Antiretroviral therapy (ART) inhibits HIV, but it is not curative, and as only around 50% of the world’s HIV population receives effective ART, a cure is a priority. In this review article published in Cell Host & Microbe, the mechanisms behind persistence are described, highlighting findings from recent studies.
With the emergence of advanced single-cell methodologies and next-generation sequencing capacities, it is clear that the latent reservoir is dynamic, with multiple factors such as gender and age contributing to its maintenance.
The persistence is ensured through massive and sustained clonal expansion of cells infected with intact and defective proviruses. Three mechanisms may contribute to this expansion: integration in or near genes associated with cell growth, homeostatic proliferation, and antigen-driven proliferation.

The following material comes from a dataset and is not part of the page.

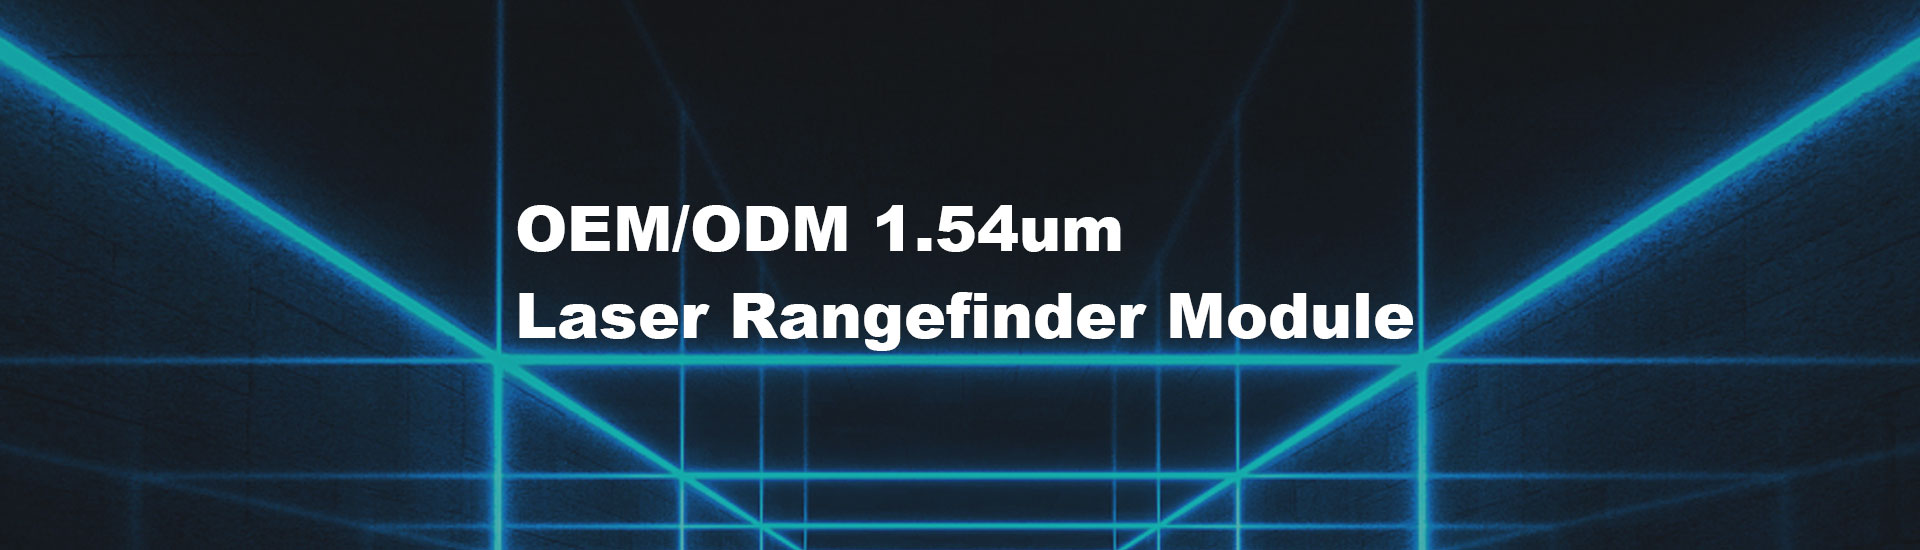 5km  Laser Rangefinder Module

During ART, a minority of HIV-1 infected cells are transcriptionally active, producing elongated HIV-1 RNA, HIV-1 proteins, and intact virions. Thus, the reservoir is heterogeneous, with a continuum from ‘deep latency’ to active virion production. Using a method to quantify unspliced HIV-1 RNA production it was estimated that 10% of circulating infected cells express detectable levels of HIV-1 RNA. Simply transcribing HIV may not be sufficient to make a cell productive, the blocks to proximal elongation, polyadenylation, and splicing may be responsible for latency.
In one study, ART was started 4-5 days post-infection, revealing that a permanent latent reservoir was prevented, which may occur in patients receiving post-exposure prophylaxis (PrEP). A focus of ongoing research is the precise characterisation of cells harbouring latent infection.
Further study is required to uncover the contribution of infected cells in the periphery to viral rebound and a method to assess the whole-body virus burden in people living with HIV-1. Additional insight into immune control, by studying individuals who spontaneously control HIV-1 infection, will prove important.